◆ WHAT IS REQUIRED
Please retype the data in full and exactly; the pictures are not part of the copy.

◆ DATASET EXTRACT
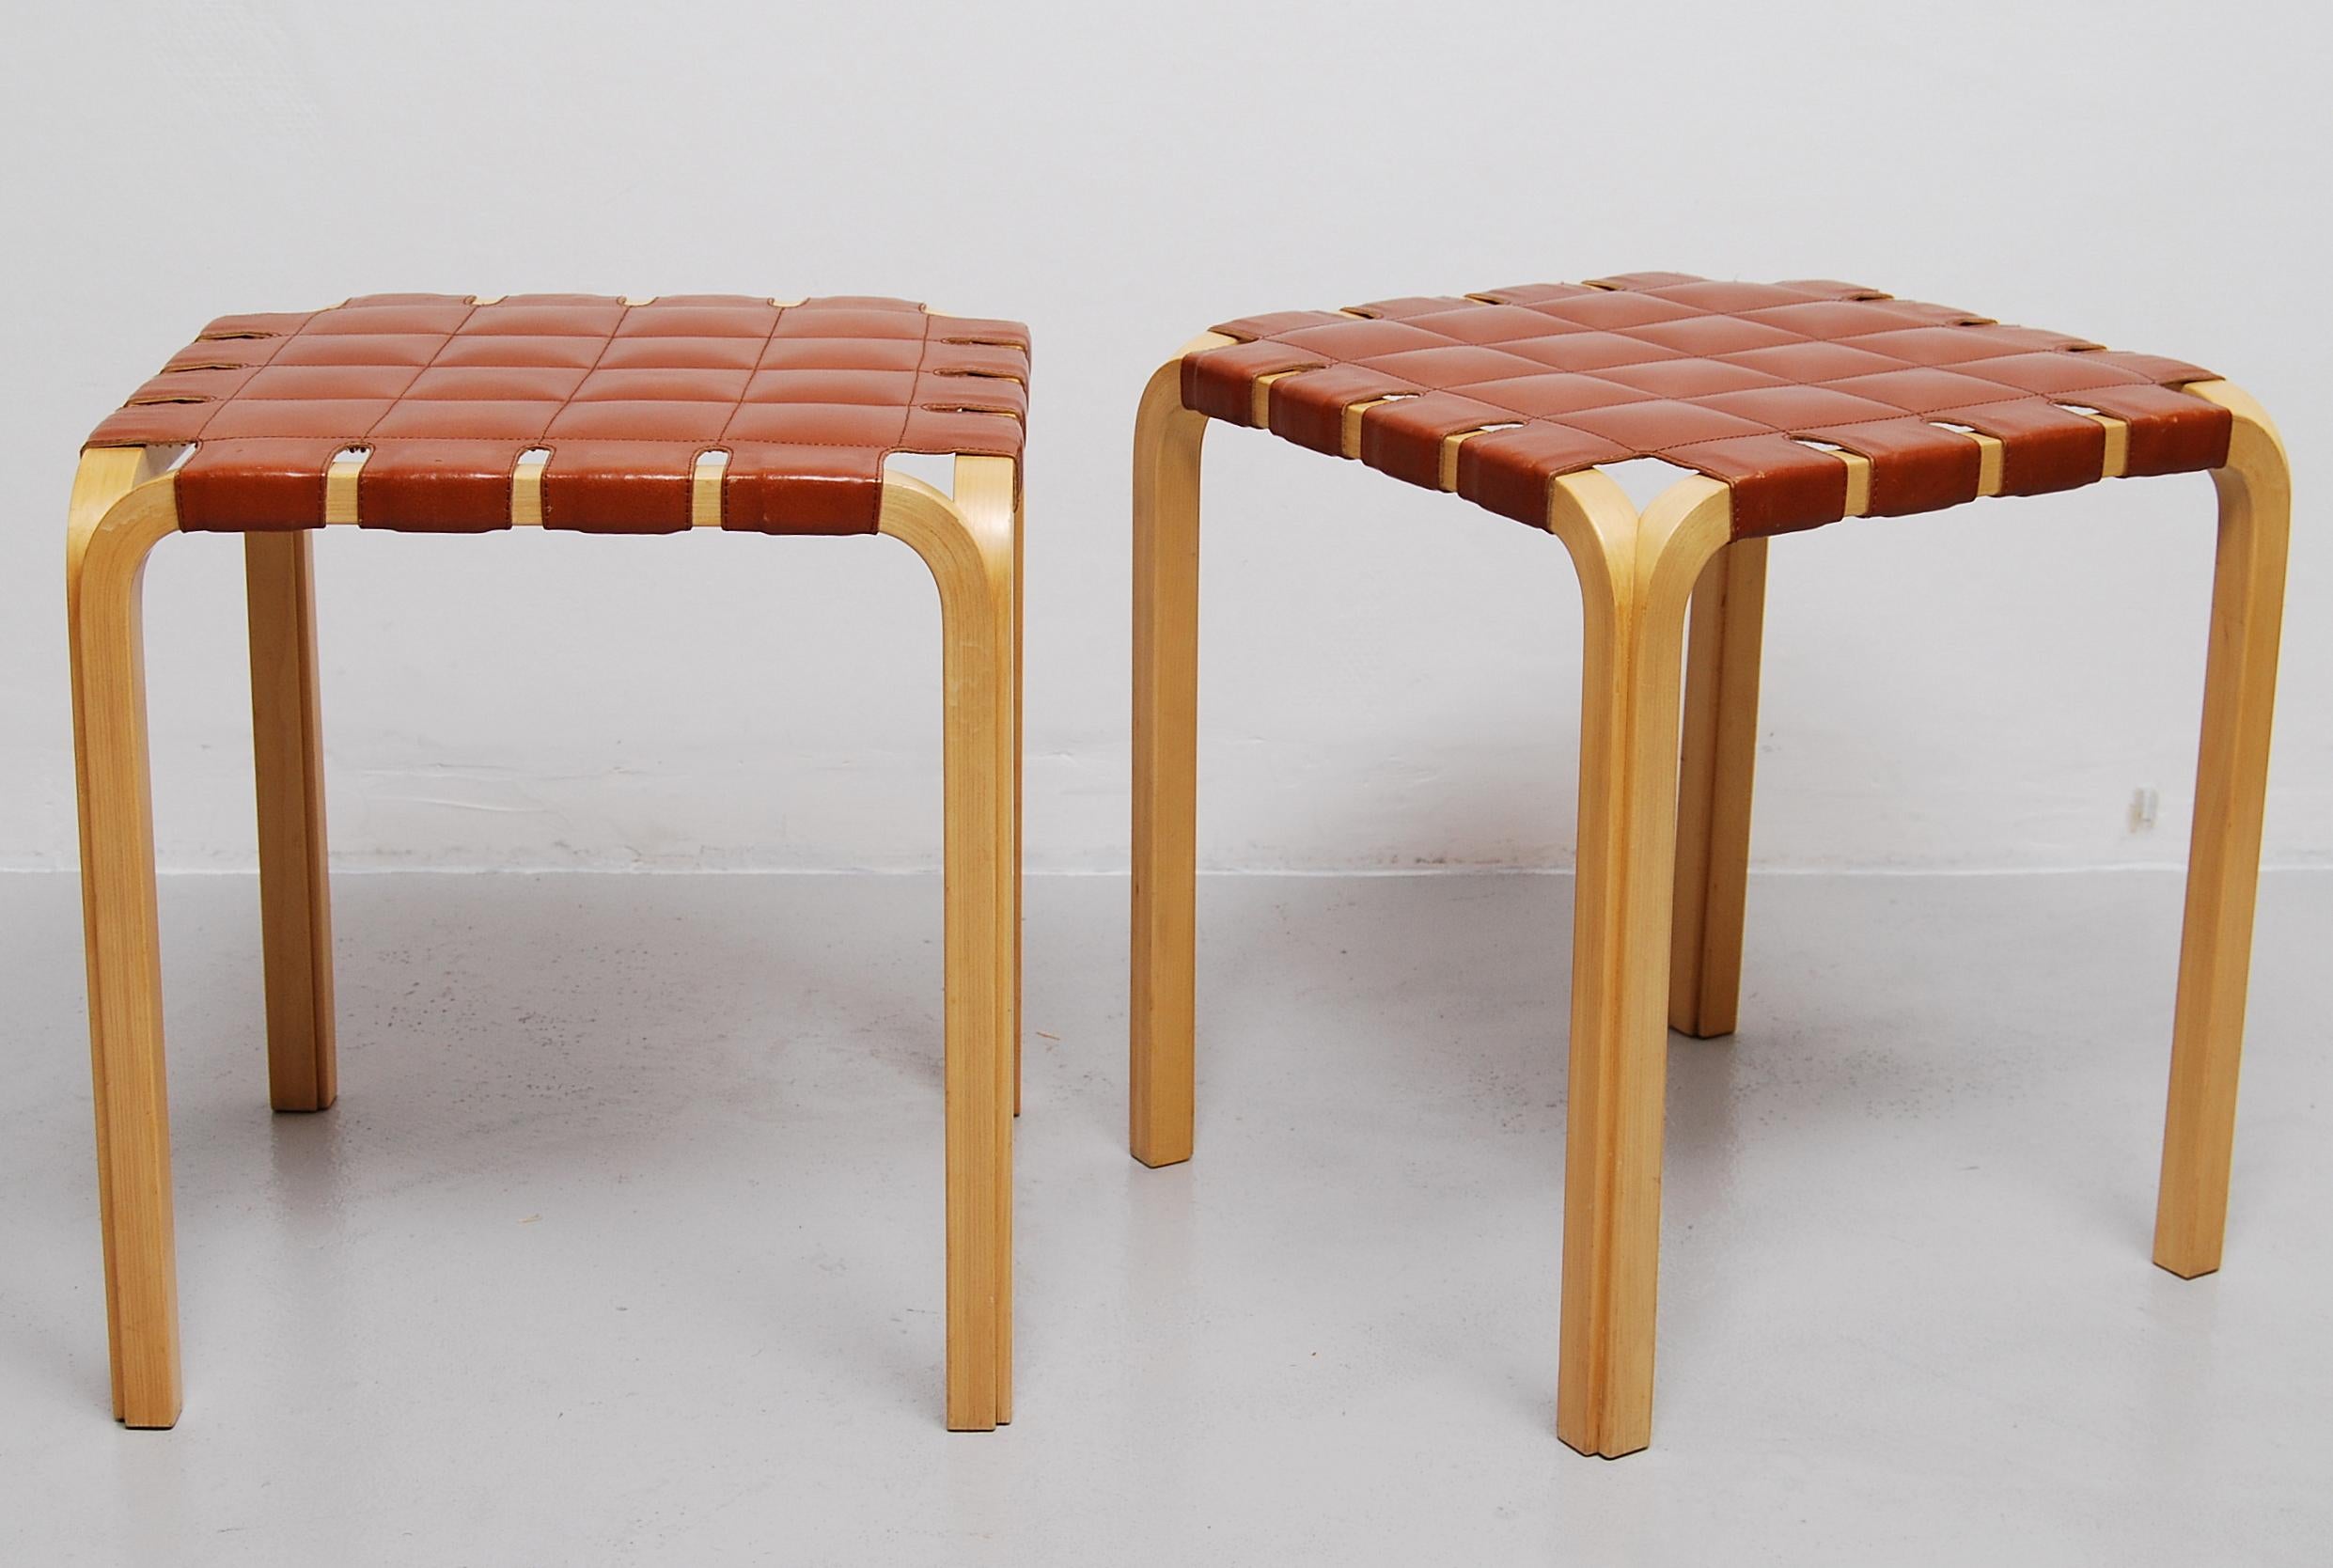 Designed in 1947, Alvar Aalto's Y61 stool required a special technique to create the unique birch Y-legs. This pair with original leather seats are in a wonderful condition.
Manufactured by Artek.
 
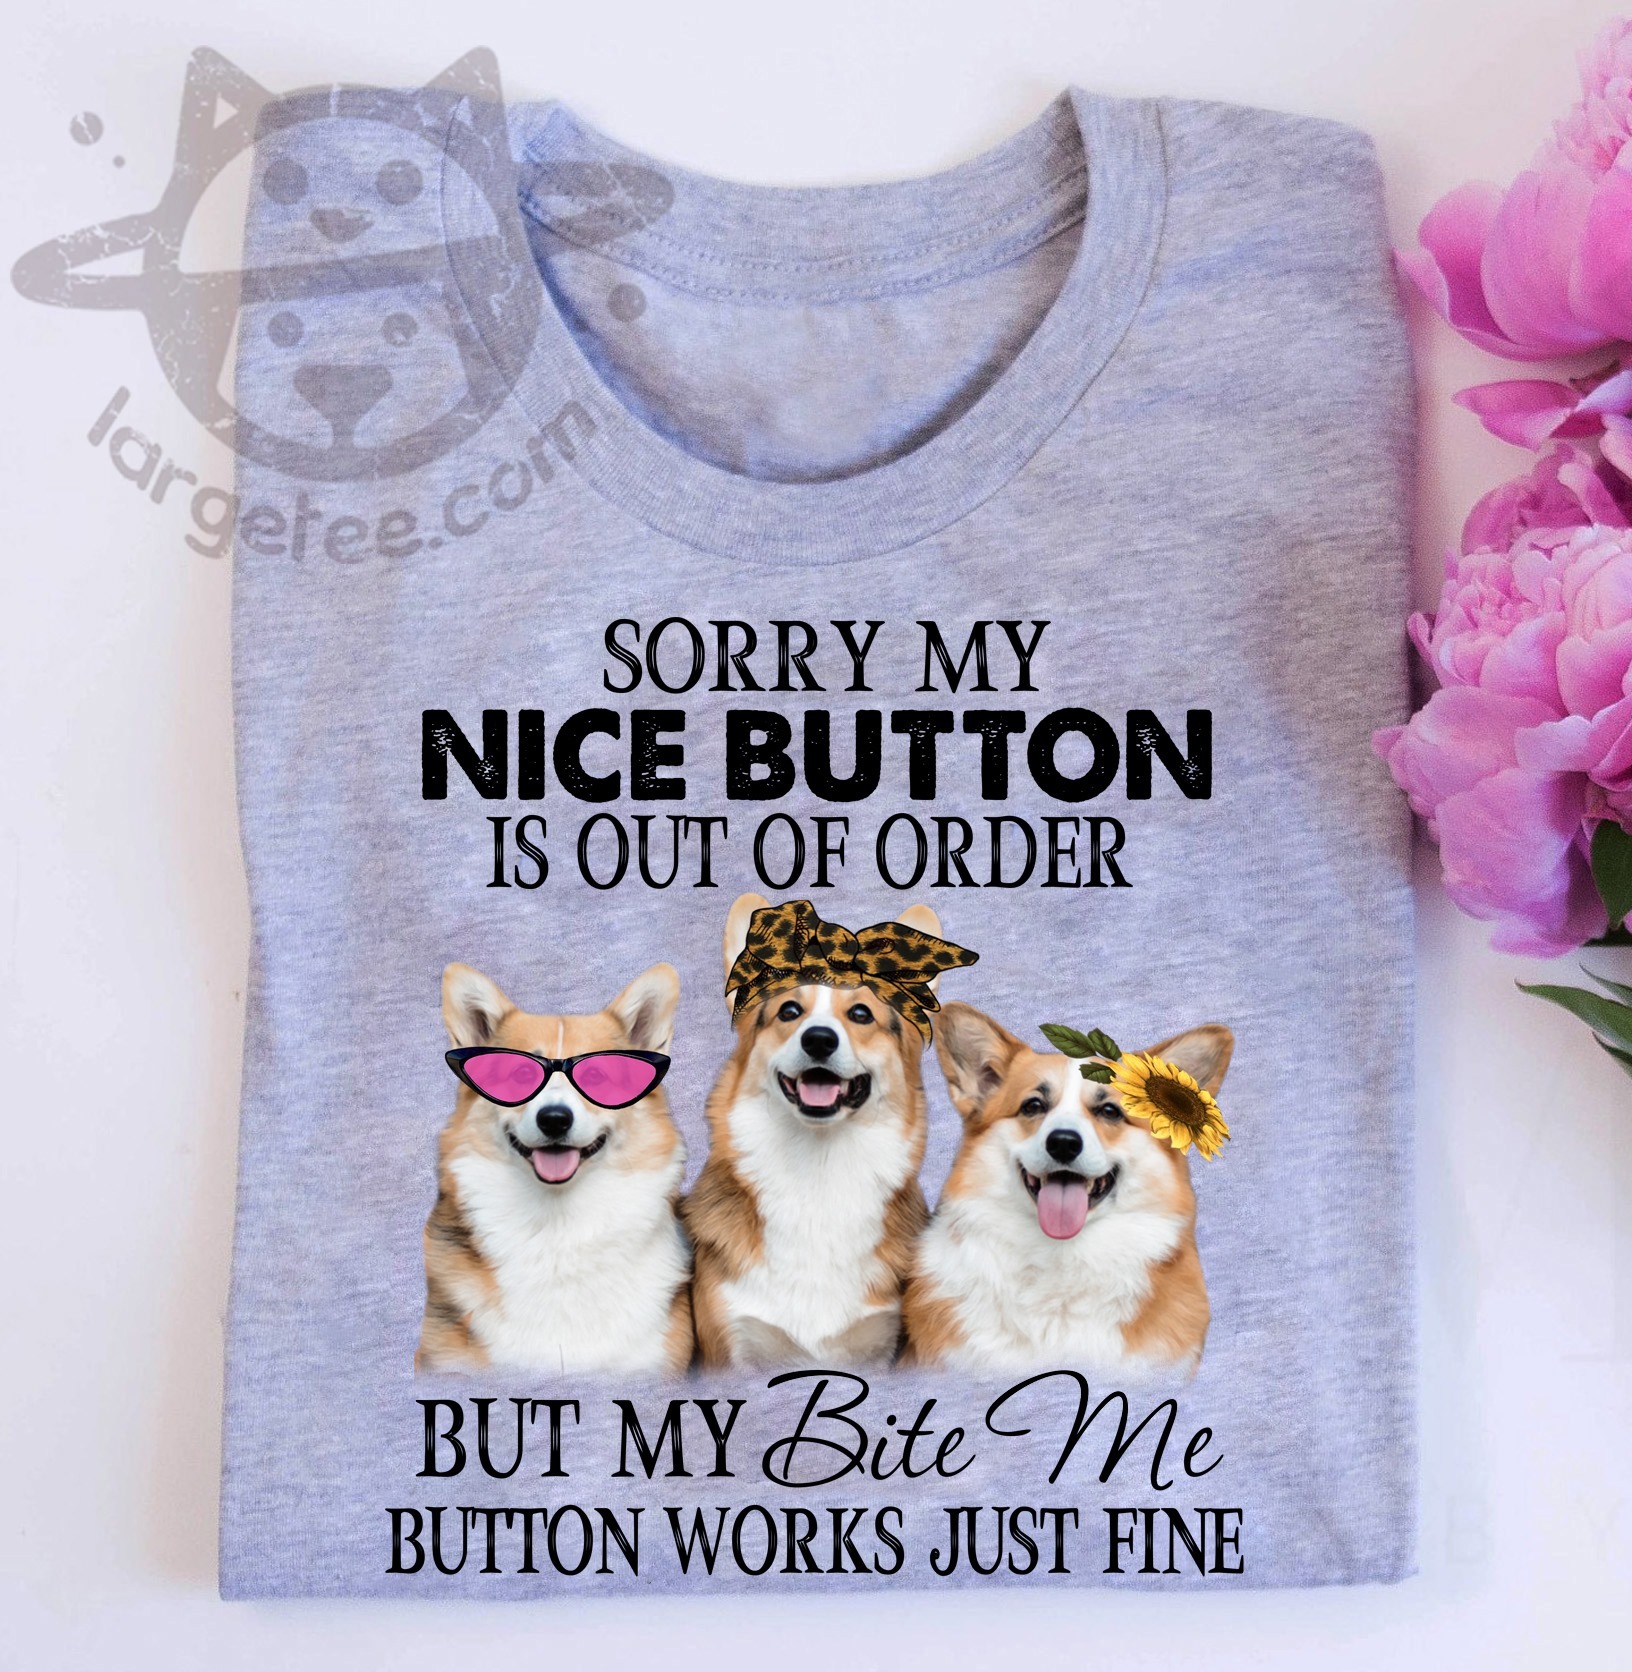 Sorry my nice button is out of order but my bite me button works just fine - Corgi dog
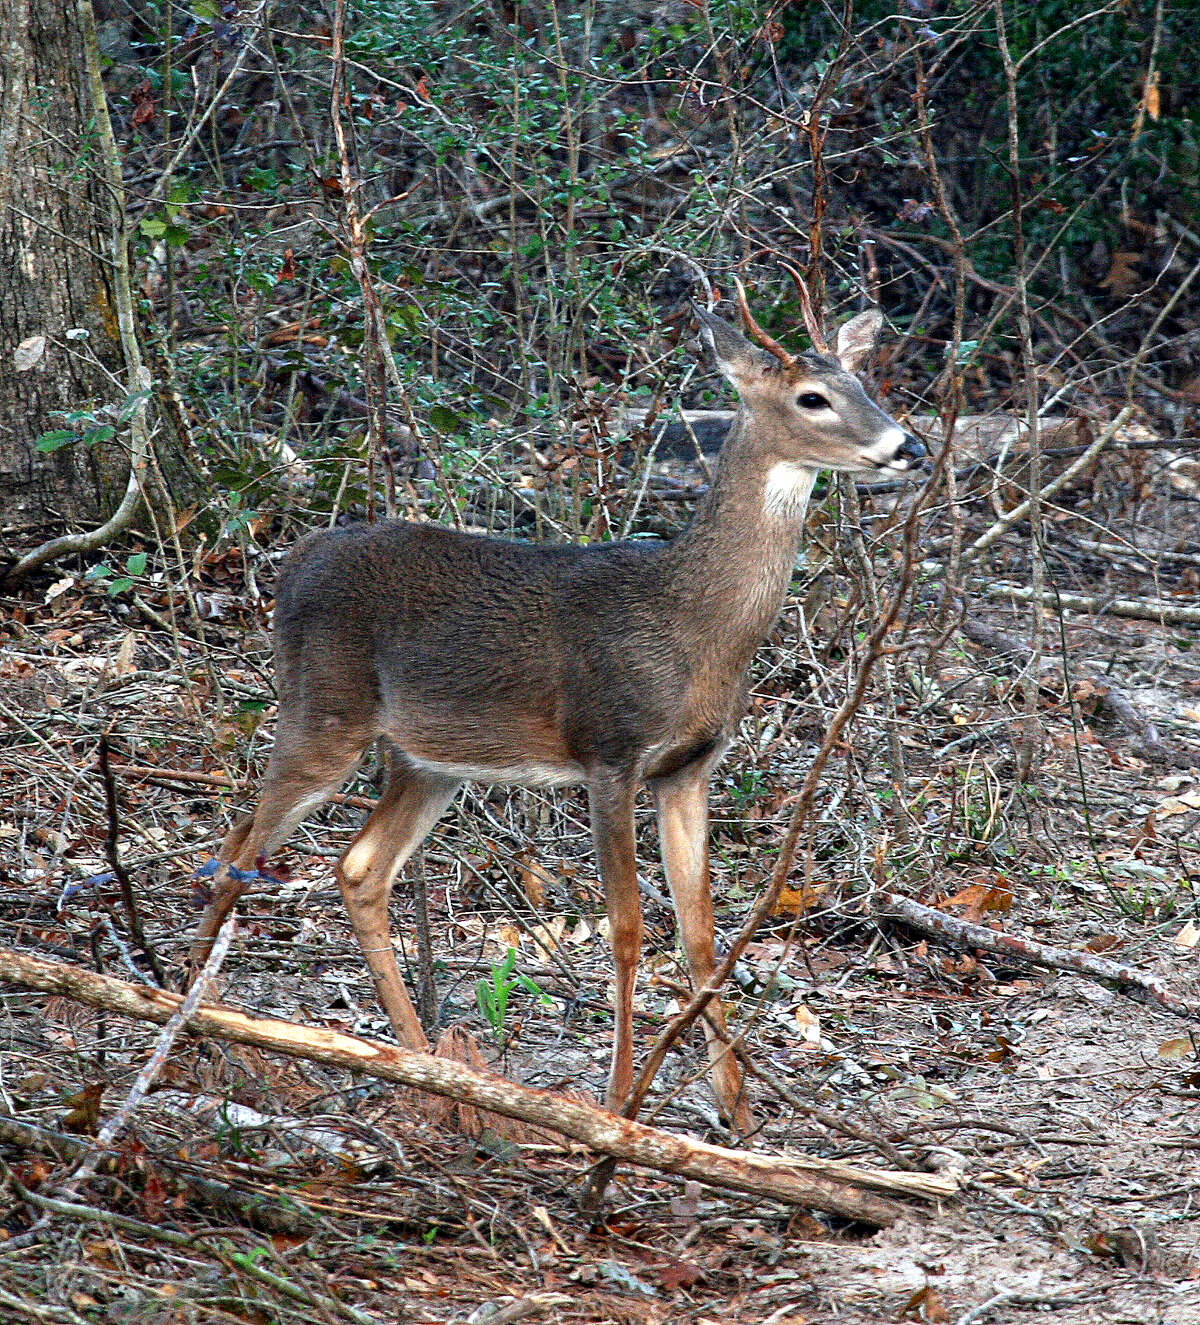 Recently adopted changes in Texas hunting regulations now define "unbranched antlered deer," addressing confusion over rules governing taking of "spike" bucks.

◆ RESULT OF THIS TASK
 Designed in 1947, Alvar Aalto's Y61 stool required a special technique to create the unique birch Y-legs. This pair with original leather seats are in a wonderful condition.
Manufactured by Artek.
 
 Sorry my nice button is out of order but my bite me button works just fine - Corgi dog
 Recently adopted changes in Texas hunting regulations now define "unbranched antlered deer," addressing confusion over rules governing taking of "spike" bucks.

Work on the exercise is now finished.